El vergonzoso uso
mutuo de favores entre dos líderes que marcaron los últimos
veinte años de la
Argentina.
Por Roberto García |
Merece un concurso la investigación sobre la doble personalidad
política de Carlos Menem,
una suerte de Jekyll o Hyde, según los gustos, alguien que fue presidente de
los argentinos durante diez años y no se sabe ahora, senador
nacional, si su vida responde a ciertas ideas, tendencias o
amistades del pasado reciente o a otras opuestas, contrarias e irreconciliables
de hoy. Un dilema de identidad o, tal vez, una falta de respeto a
quienes lo querían y votaron.
Si el peronismo ha sabido reunir sin rubores en un mismo espacio a López
Rega con Firmenich, por citar uno de los tantos ejemplos escandalosos que
alberga la historia del partido (bajo la excusa de que cualquier medio
justifica alcanzar el poder), ahora la proeza de Menem como travestido
no se funda sólo en esa inclinación ambiciosa e impune. Tampoco en un
fenómeno repentino de bicefalía ideológica: es la transformación
camaleónica de quien, por miedo o interés, vota contra lo que piensa, auxilia a
quien lo detesta. Lamentable ocaso.
Cuesta encontrar antecedentes para esta actitud de doblez facial tan
sospechosa y radicalmente negativa a su propia naturaleza, cuando se observa al
riojano en el Senado vestido y perfumado (según la leyenda, como
alistaban muerto en su jaca al Cid Campeador para pelear contra los moros) votando
a favor del Gobierno que más lo ha denostado. Y en los precisos momentos que su
odiada Cristina más lo necesita para aprobar leyes y salvarla, como la
semana pasada, con la
indemnidad del Parlasur que Ella, gobernadores o ministros podrían
requerir para no ser arrestados. Así, comandar una lista electoral este año
que, supone el optimista oficialismo, será el arrastre de una segunda que
también llevará un candidato a presidente.
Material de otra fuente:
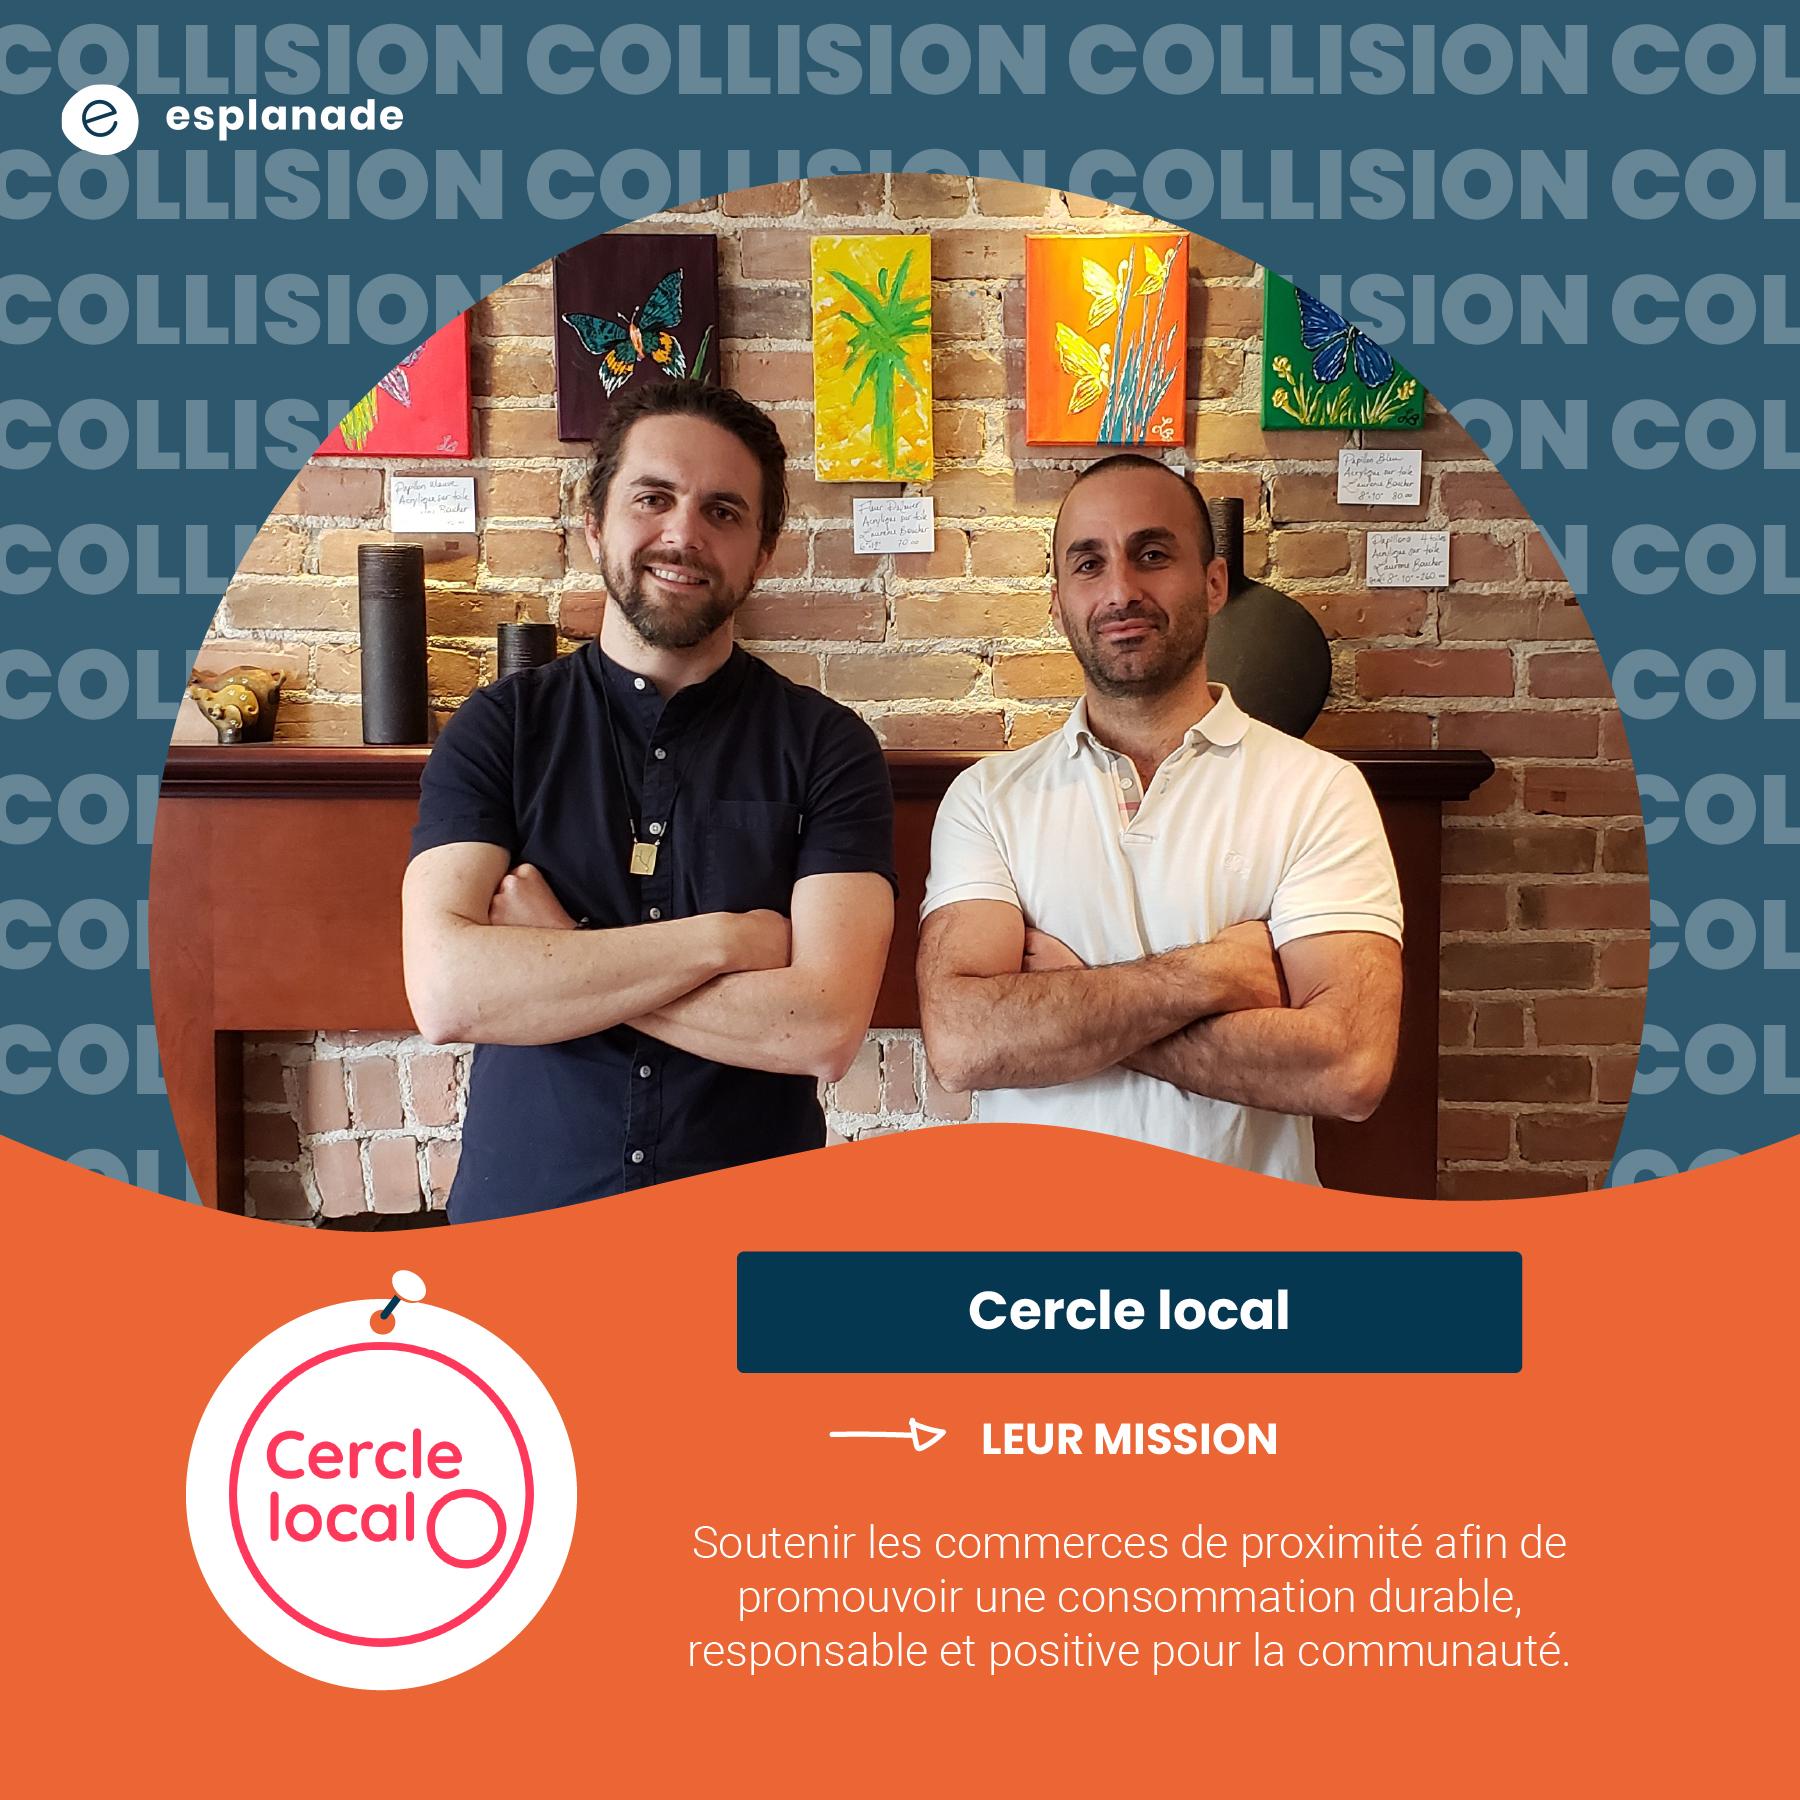 David Habak et Rodrigo Trespalacios de Cercle local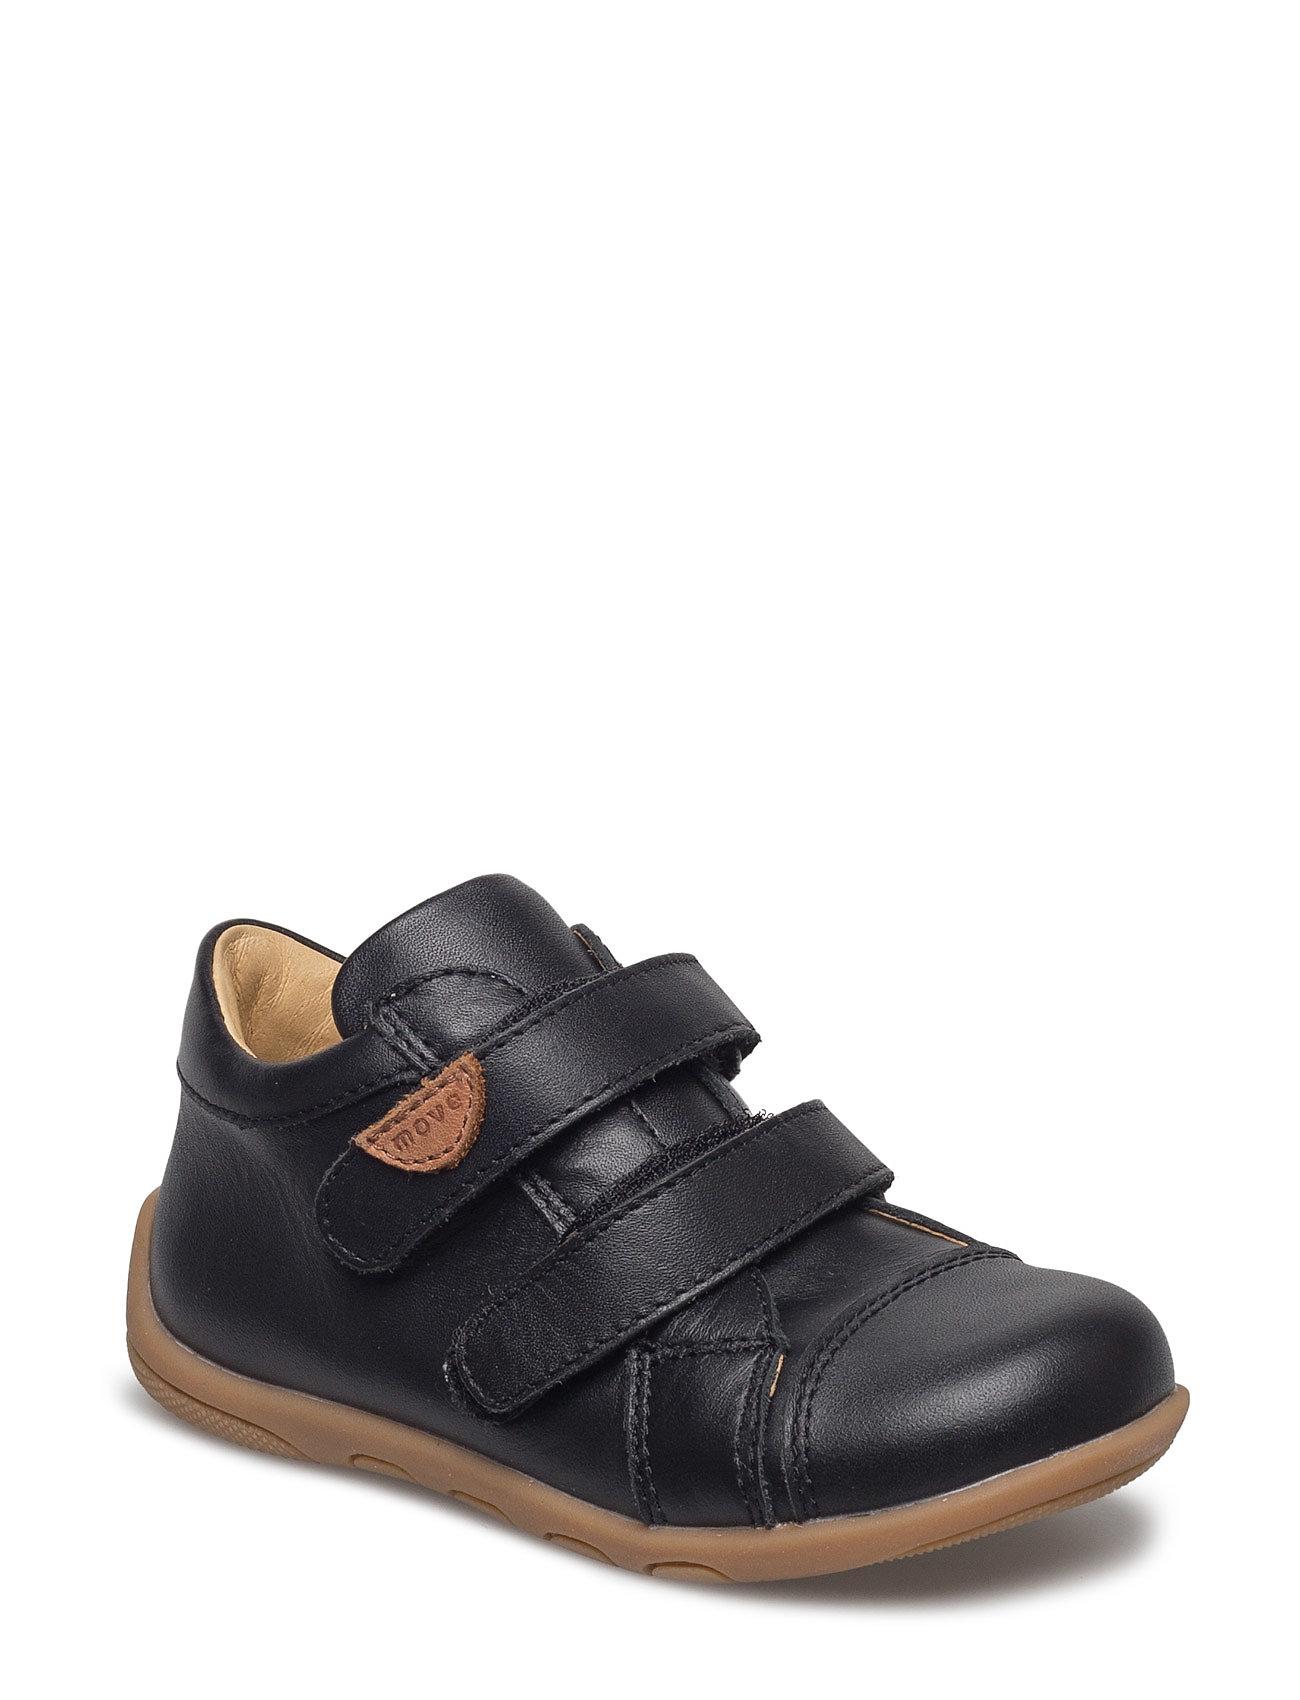 Infant Unisex Velcro Shoe Move by Melton Sko & Sneakers til Børn i

Generoso Menem con su gracia, convocado especialmente, a
menos que uno imagine sórdidos ardides, chantajes judiciales con los que lo
amenazan para no ir preso o seducciones irresistibles que han sido moneda
corriente en el Congreso (basta ver algunas presencias inesperadas para dar
quórum o votos inimaginables para conseguir mayorías). Amén de otras
caracterizaciones, de la promoción y aceleración de causas (la famosa
Banelco) al episodio divulgado como borocotización, del cual
con curiosidad se ha valido el cristinista Diego Bossio para descalificar a
rivales, como si esa operación política no hubiera sido planificada por sus
venerados líderes.
Irritación. Dicen que el reiterado servicio legislativo de Menem al Gobierno irritó,
por lo humillante sobre él mismo, al mínimo entorno que le quedaba. Gente
que hasta bramó, por atentatorio al buen gusto y las razonables
conductas, ante el fotografiado beso bíblico que el senador Juan Manuel
Abal Medina le aplicó en el recinto. Igual, nadie piensa que este bisoño Catón
haya sido responsable de las operaciones de inteligencia y de extorsión
judicial que se mencionan sobre el ex presidente, ni de las aceitadas
facilidades que le han concedido desde la cúpula de la Cámara alta presidida
por Miguel Pichetto y el dúctil Aníbal Fernández, ahora
personal asistente de Cristina. Esa tenaza de rigor y tentación,
dicen, es lo que somete a Menem, aunque él ha dejado trascender que nunca lo
acompañaron desde el resto del sector político opositor, que lo dejaron aislado
y ni siquiera le agradecieron la noche que abandonó su internación para ir a
votar contra el kirchnerismo.
Alguien dirá como justificativo que también Alan García,
dos veces presidente del Perú, cambió, como el senador, de pensamiento:
al revés, claro, mudó de un fracasado populismo hiperinflacionario en su primer
mandato a una gestión más abierta en el segundo. En todo caso, García le
explicó al electorado su proceso de maduración; Menem, en cambio, nada dice
y teme que se oscurezca más si pretende aclararlo.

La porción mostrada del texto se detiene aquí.